Perhaps most indicative of the picture’s cart-before-the-horse priorities is Farmiga proudly extolling how King of the Monsters passes the Bechdel Test for the mother-daughter scenes, since that’s what’s important, rather than whether those scenes are actually of any consequence or quality (similarly, the picture diligently sprinkles multi-racial and gender roles among an entirely poorly-served cast in each and every case).

The movie’s deaths are generally ridiculous and meaningless, with moments usually eschewing pathos – because the makers have seen other, better movies, even if they’re only Armageddon – left devoid of impact. Ken Watanabe’s big scene, a decision to set off a nuke and so rouse Godzilla from his slumber, seems to affect the rest of the cast profoundly (for a minute or two anyway), but will leave everyone else shrugging.

The one trump card in all this is Charles Dance’s Colonel Jonah – initially rumoured to be an older Tom Hiddleston from Kong: Skull Island, which would have been the most interesting volte-face King of the Monsters could have made – who at least has the courage of his convictions (or rather, Vera’s convictions). I was rooting for him throughout, so it’s a small commiseration that he gets to come back next time.

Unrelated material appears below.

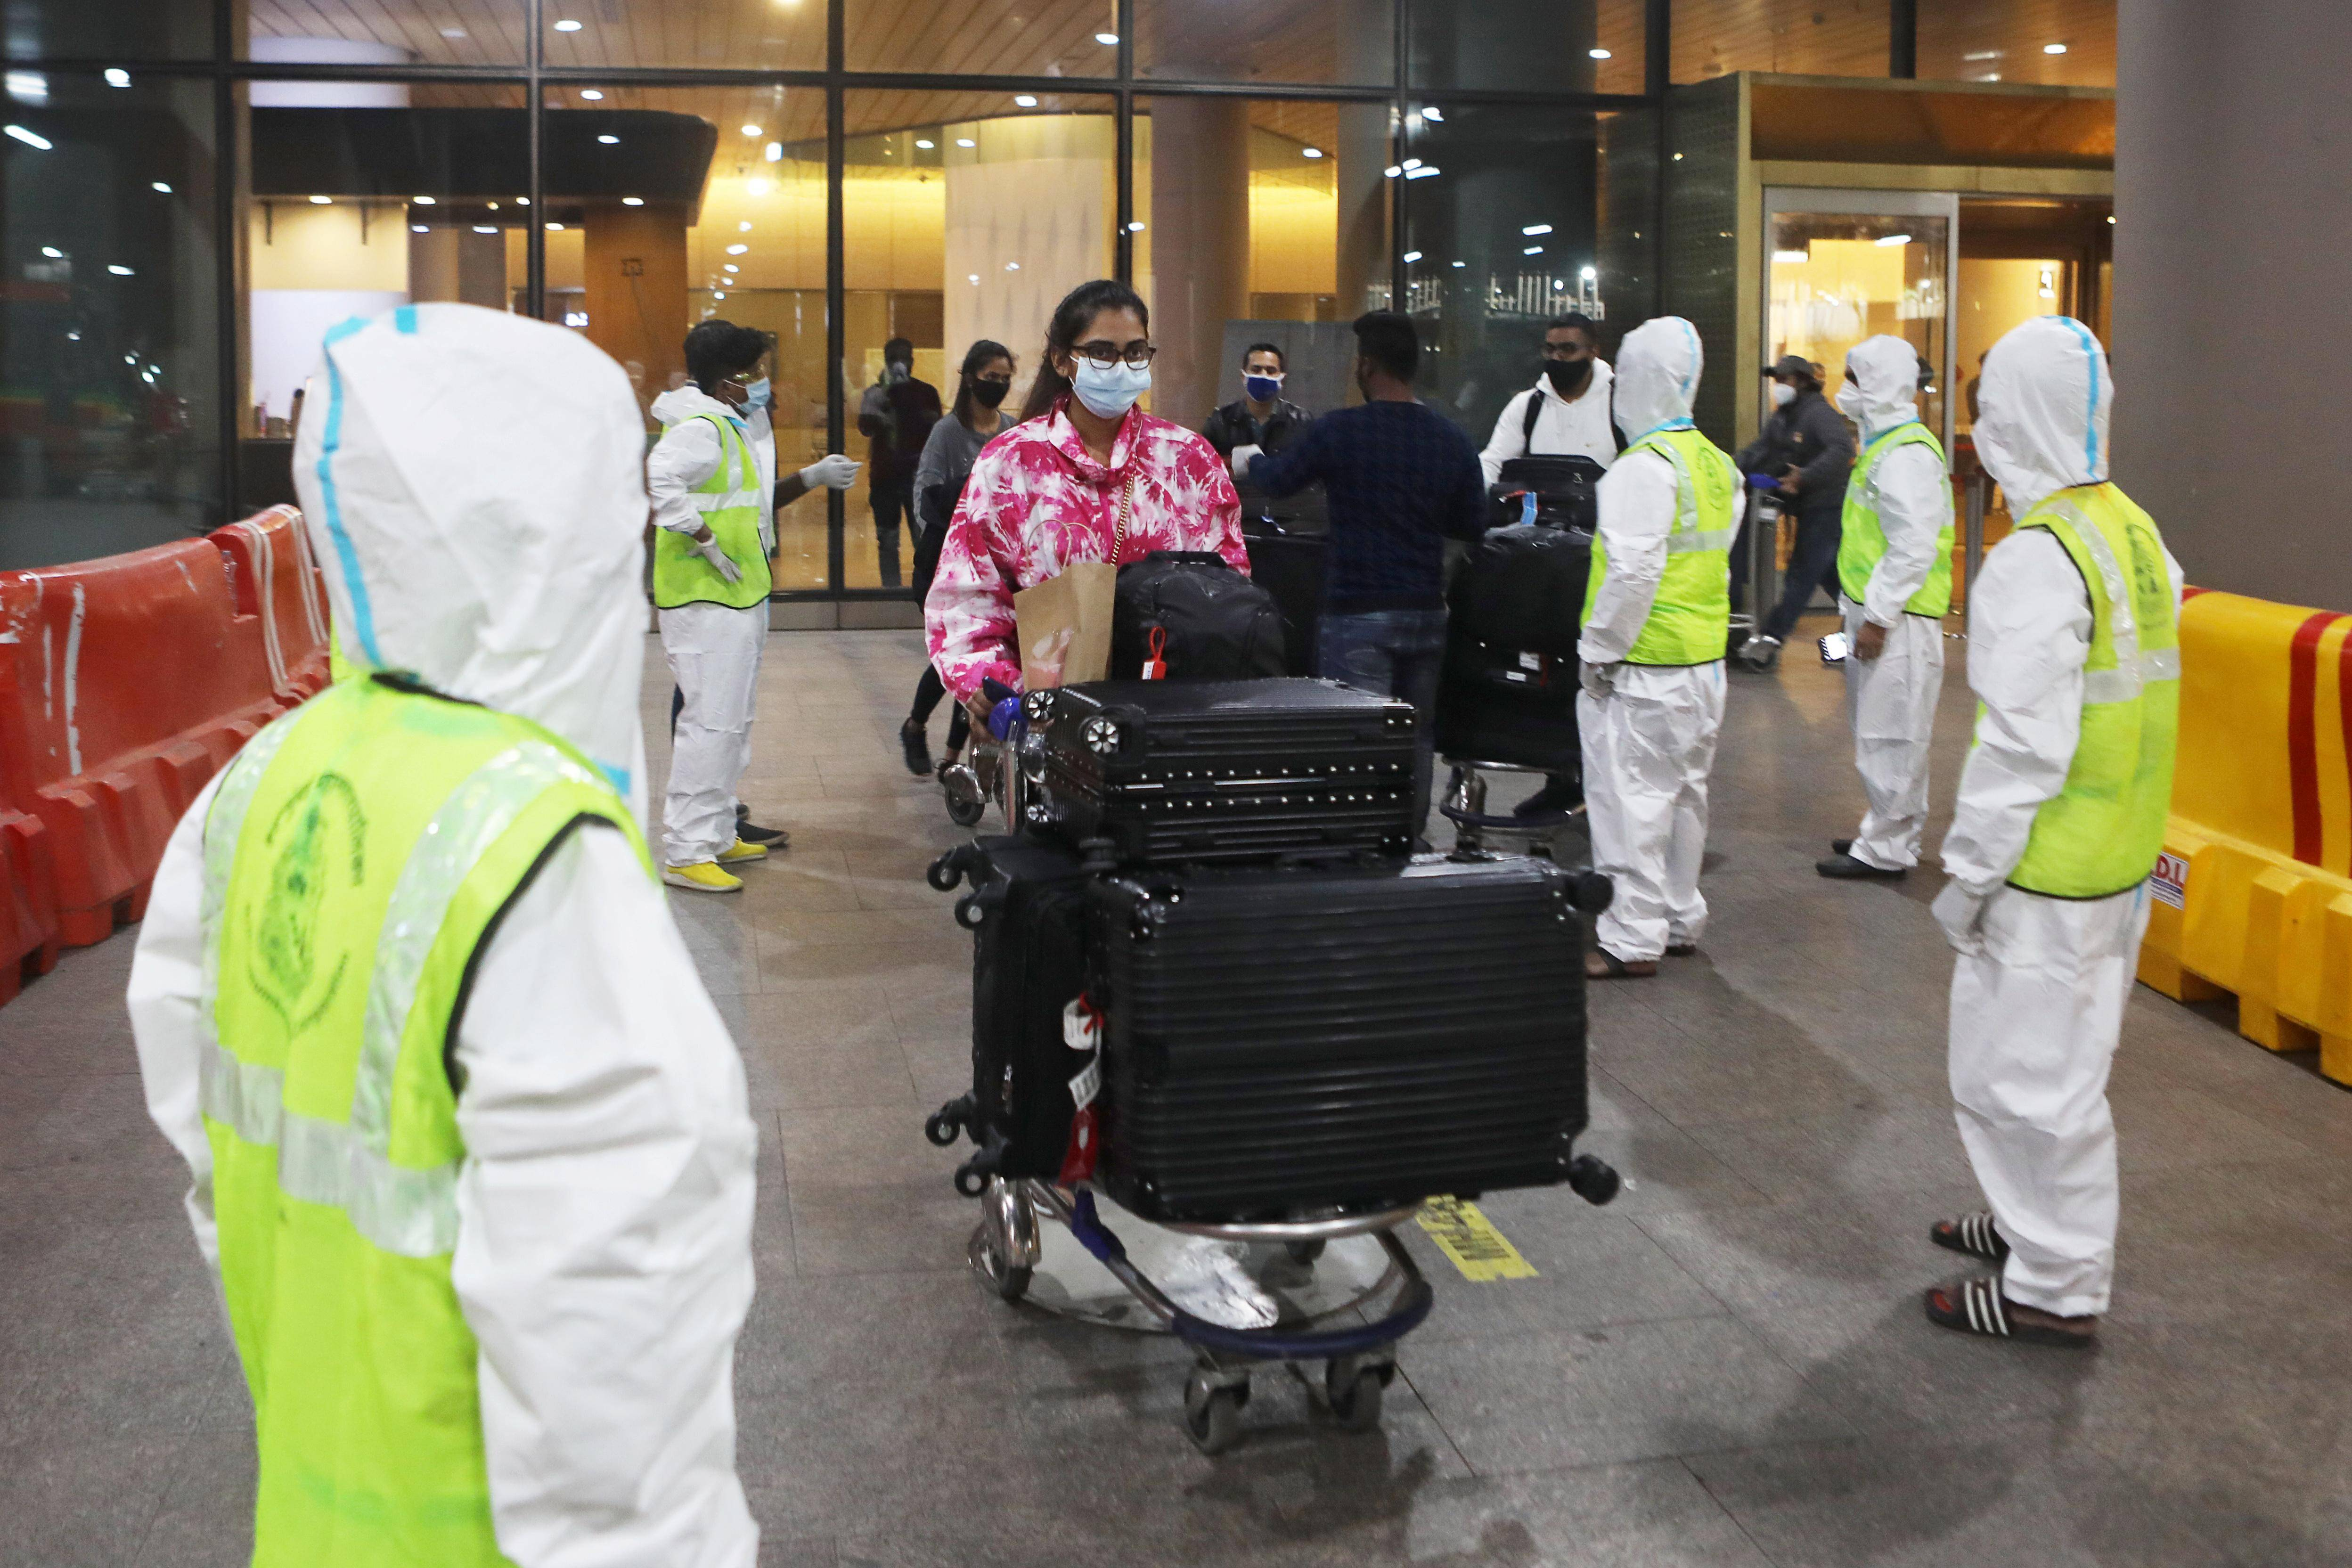 Coronavirus: India extends Covid-19 restrictions
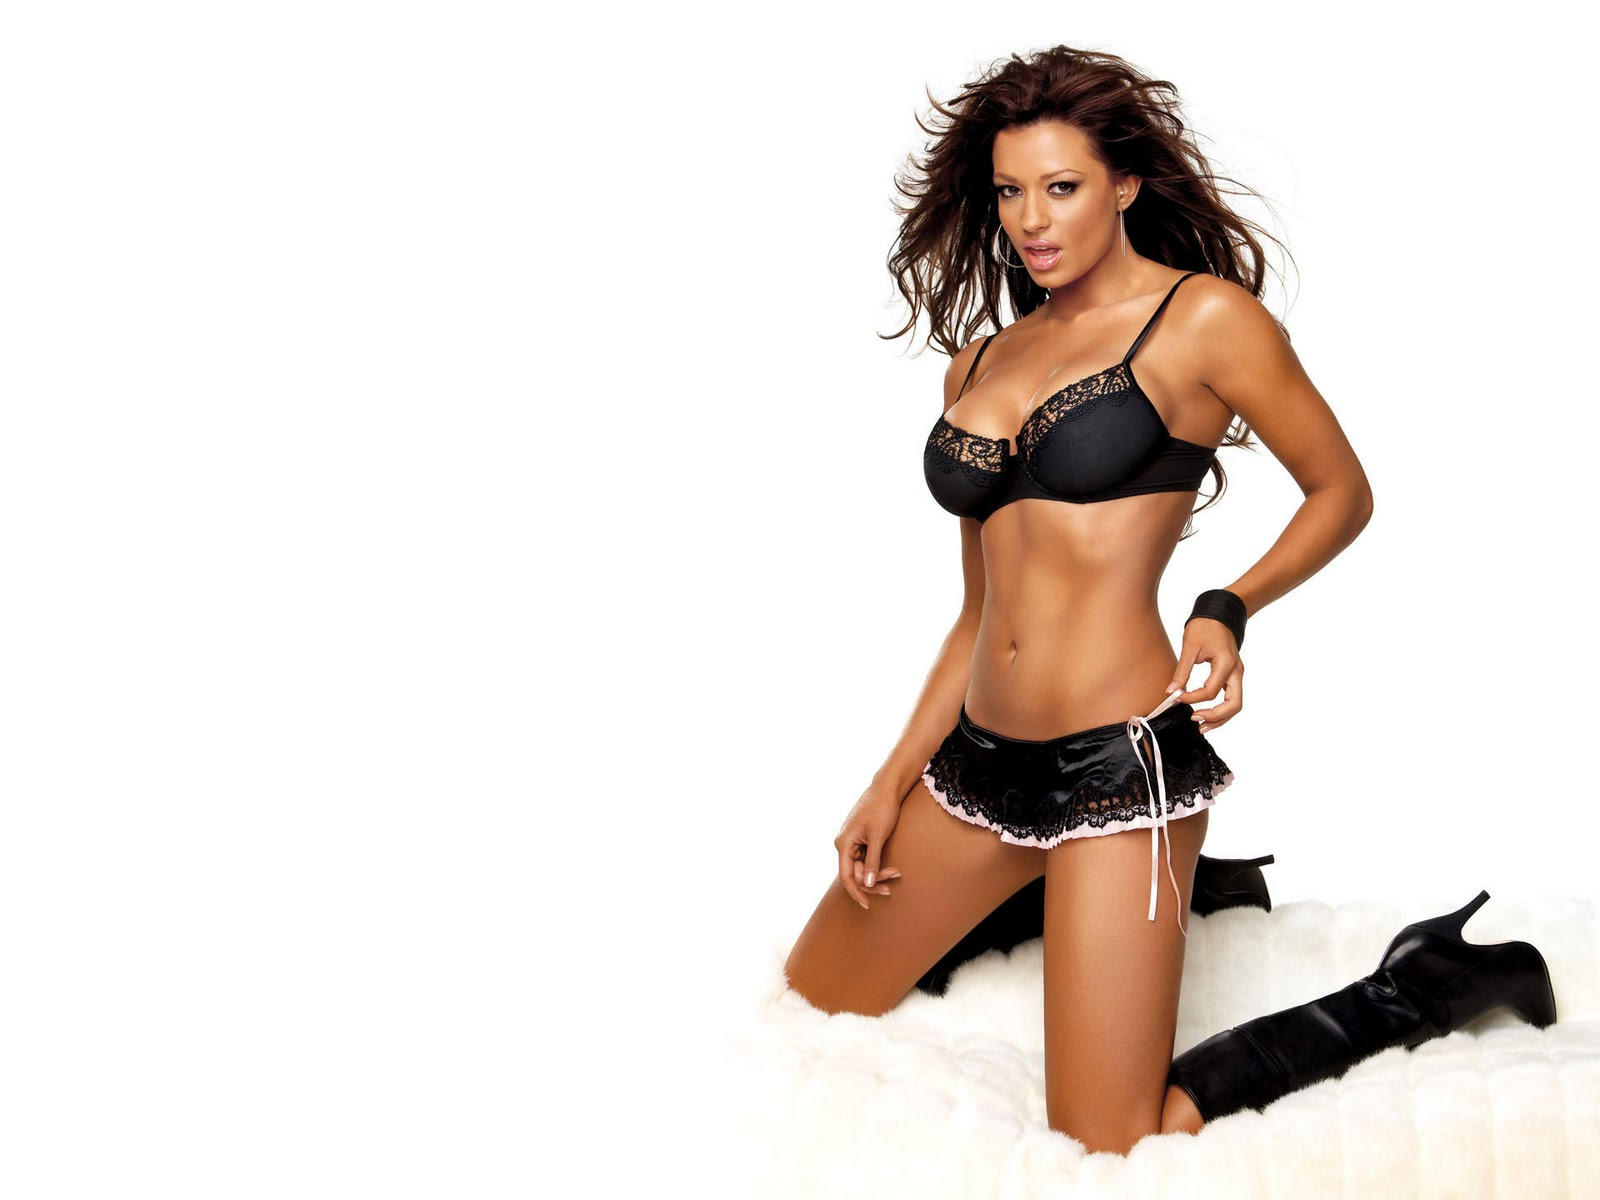 Candice Michelle Porn Man - Candice michelle photos hot - Adult videos

The monsters? That there’s no Godzilla for first hour, in a film Dougherty described as “No holding back” creature-wise, says it all, really. When he does surface, an oxygen destroyer bomb is set off that puts him out for the count once again until the climax. And he’s fat. Who cares if he looks authentically like the Kaiju? Apart from fans (the real reason the 1998 movie is singled out for such bile). He definitely needs to get down the gym. No one likes a flabby supercreature.

I’ll give the monster work this much: they don’t look like CGI, even if they’re largely unimpressive (Ghidorah so strikingly resembles a trio of plastic dragon heads, I almost expected to see the fingers on which they’re being puppeteered straying into shot). I should stress that it’s actually thinking along the right lines to hold the monster back, to show it only sporadically and so exert maximum impact, but it’s fundamentally necessary to have an engaging human element if you go that route.

These movies are evidently proving profitable enough for Legendary, despite costing in the region of $350m each (including advertising) and tending to make in the half-billion region. So much so, they didn’t even wait to see how this one was received before getting underway with the quadrilogy capper. I hadn’t realised Godzilla vs King Kong – sorry, Godzilla vs Kong – was already in the king can, nor that – alas – the remnants of the Russell family will be returning, but I doubt Adam Wingard will furnish a more disappointing movie than Dougherty’s. 

Godzilla: King of the Monsters is a lesser beast to the 2014 one, which I wasn’t too impressed by anyway. Remember, though, I’m the guy who thinks the Emmerich/Devlin movie is alright. But then, I’m not, as if it needs reiterating, a ’zilla fan.